Glad you are underway Lou-Ann. My recommendation with any of this stuff is to be proactive. I learned this through experience of three different clinics! I would check the GP letter has been done with the surgery, if not then chase up and get them to fax to the hospital. If they have done it, I'd call the hospital and check out their waiting times and see if they can make the appointment over the phone if they've got the letter. I chased everything and soon found that I needed to....despite being a paying customer, you'd be surprised how much the general NHS malaise still applies (being an NHS employee I feel OK about saying this!). Good luck with it and just make sure you don't leave it to "them" to put you first or to think about foward planning in relation to tests etc. Don't know if you've had the usual tests with the GP? If not, it's worth getting it done while you are waiting...will save you time and money...I can let you know what you'll probably need but their website ought to confirm what initial screen requires.

Exciting stuff!!

Muddy


----------



## lulumead

hello other IUI-er's

Lou-Ann, good to hear its all progressing.  Am hoping I can arrange my counselling appointment so that I can get going in November! but who knows!

Esperanza, are you still waiting for AF?  how frustrating.

xx


----------



## Lou-Ann

Hi, just to let you know I've had my first appointment come through for 18th November at BWH - thought that was quite quick!!   

Lulu, have you managed to arrange your counselling session yet?

Esperanza, any sign of   ??

Hope everyone else is okay  

Lou-Ann x


----------



## dottiep

Lou-Ann - great that you can get started. It'll fly by.
Dx


----------



## lulumead

great news lou-ann. I've got my counselling on 12th November, am hoping that means I can still be squirted this cycle which would be 21st ish of November.
xx


----------



## Lou-Ann

Lulu, you do make me giggle with your teminology 'squirted'   !!  Good luck for your counselling session 

Lou-Ann x


----------



## lulumead

thanks! i sometimes find it hard to get my head around it all, so being a bit cheeky about it makes it seem more do-able! How you feeling about getting going? I'm excited and terrified in equal measure.
xx


----------



## Elpida

I finished the 5 day course of Norethisterone on Friday and hopefully I can expect something to happen 2 - 5 days from then .... Not a sign so far though. I'm in the foulest mood, but I'm not sure whether that's because of the hormones  or because I'm exhausted after my trip to Berlin.

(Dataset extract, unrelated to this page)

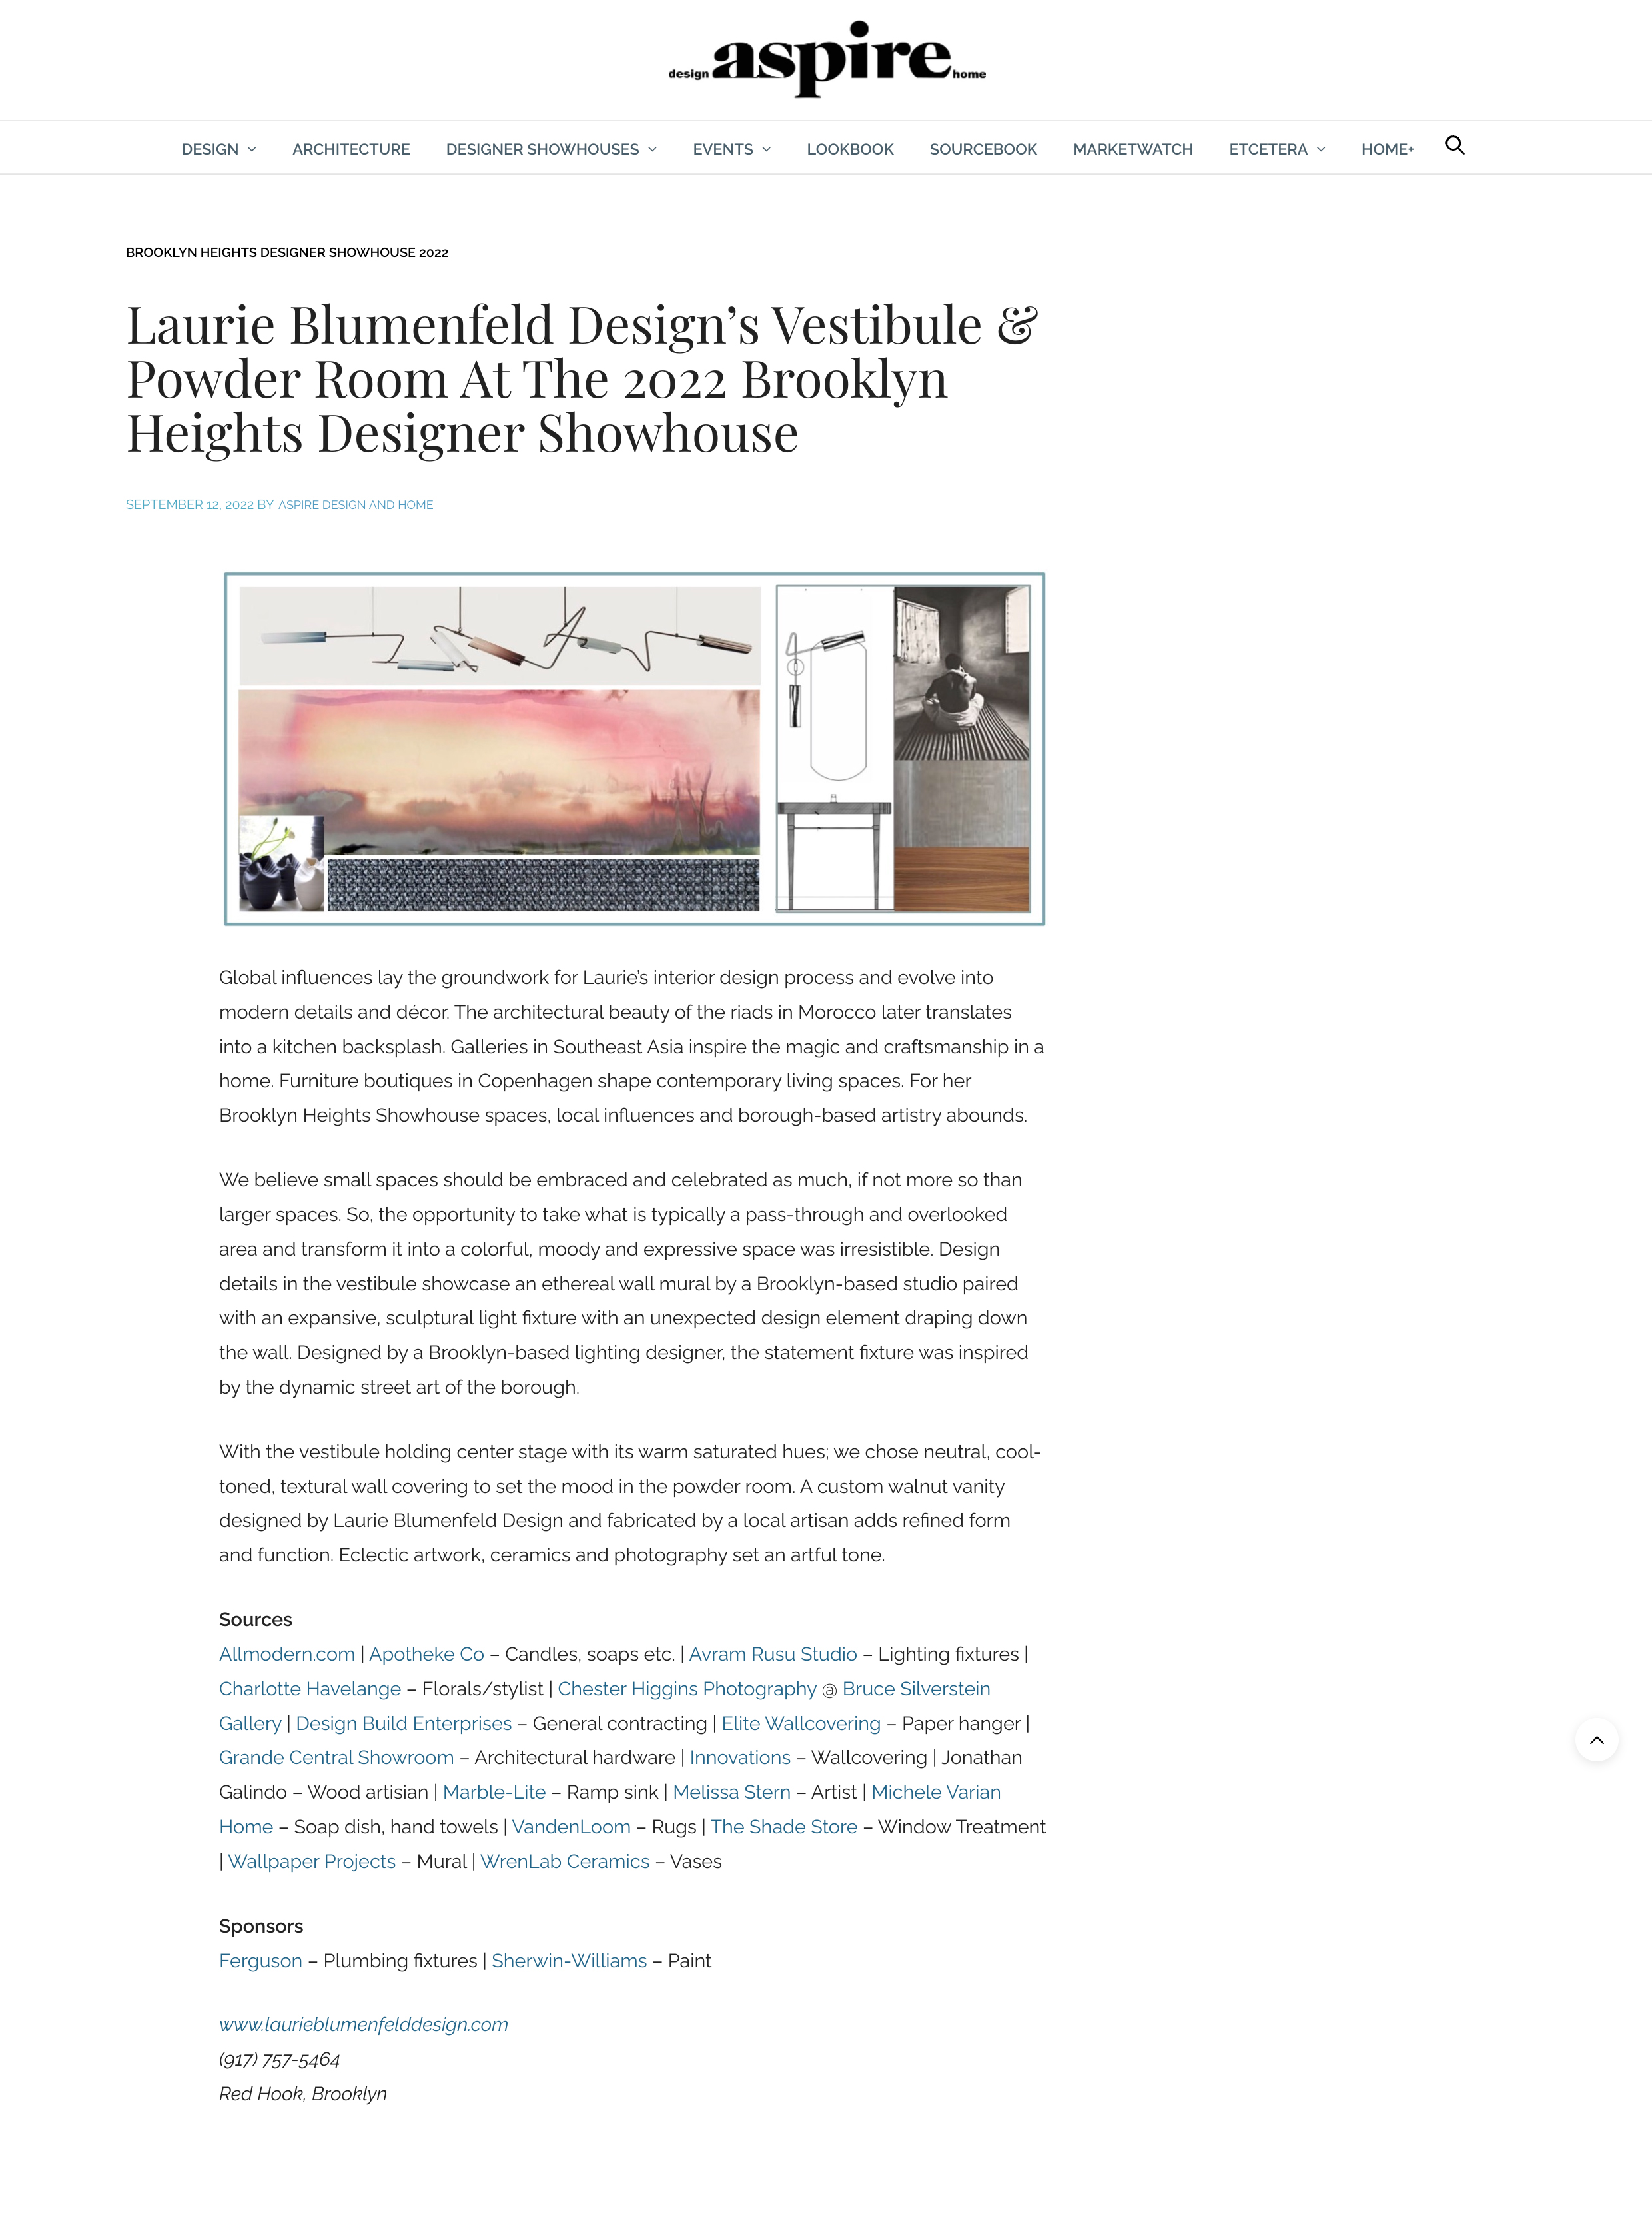 Laurie Blumenfeld Design’s Vestibule & Powder Room At The 2022 Brooklyn Heights Designer Showhouse

Good news about your appointment date Lou-ann and lulu great that you have a counselling appointment.


----------



## Sima

Lou-Ann -- your appointment came through very quickly.   I hope this a sign of good things to come

Sima


----------



## Lou-Ann

Esperanza, sorry you're not feeling too great   . Hope that the drugs have done the trick and AF will show up early part of next week so you can get going  

Lulu, have to admit that I also feel both excited and nervous about getting going. I think that there's still a way to go before I start the IUI tx as this appointment is with the gynae dept to check everything is okay, will then have to have the counselling sessions, etc.  

Lou-Ann x


----------



## lulumead

Hi Esperanza, hope hormones are calming down and AF appears soon so you can get going. when do you think you will be heading for the squirt be funny if we were there at the same time.

Lou-Ann - glad to hear you are feeling similar things the excitement and nerves, makes me feel that I'm not going totally  

I'm feeling a bit calmer about it all, want to see the counsellor so I can find out about the donors - although I think thats a bit weird that its the counsellor that gives you more info.  Oh well clinics all do it differently I suppose!

xx


----------



## Roo67

Hi all, just trying to catch up with where everyone is upto.

Glad things are starting to move forward for you all, you'll be on the dreaded 2ww before you know it.


Roo xx


----------



## Elpida

Thanks Roo

If this isn't PMT and the precursor to a period and therefore me starting treatment then something is seriously wrong! I don't usually get PMT (just a manic need to clean - which is a bonus) and of course 8 years with a coil has evened things out wonderfully. This is almost intolerable. I had to come off of the pill when I was younger because of the viscous mood swings. I've been repeating to myself all day that this is for a good cause ....       ... and realising that no step along this journey is going to be easy.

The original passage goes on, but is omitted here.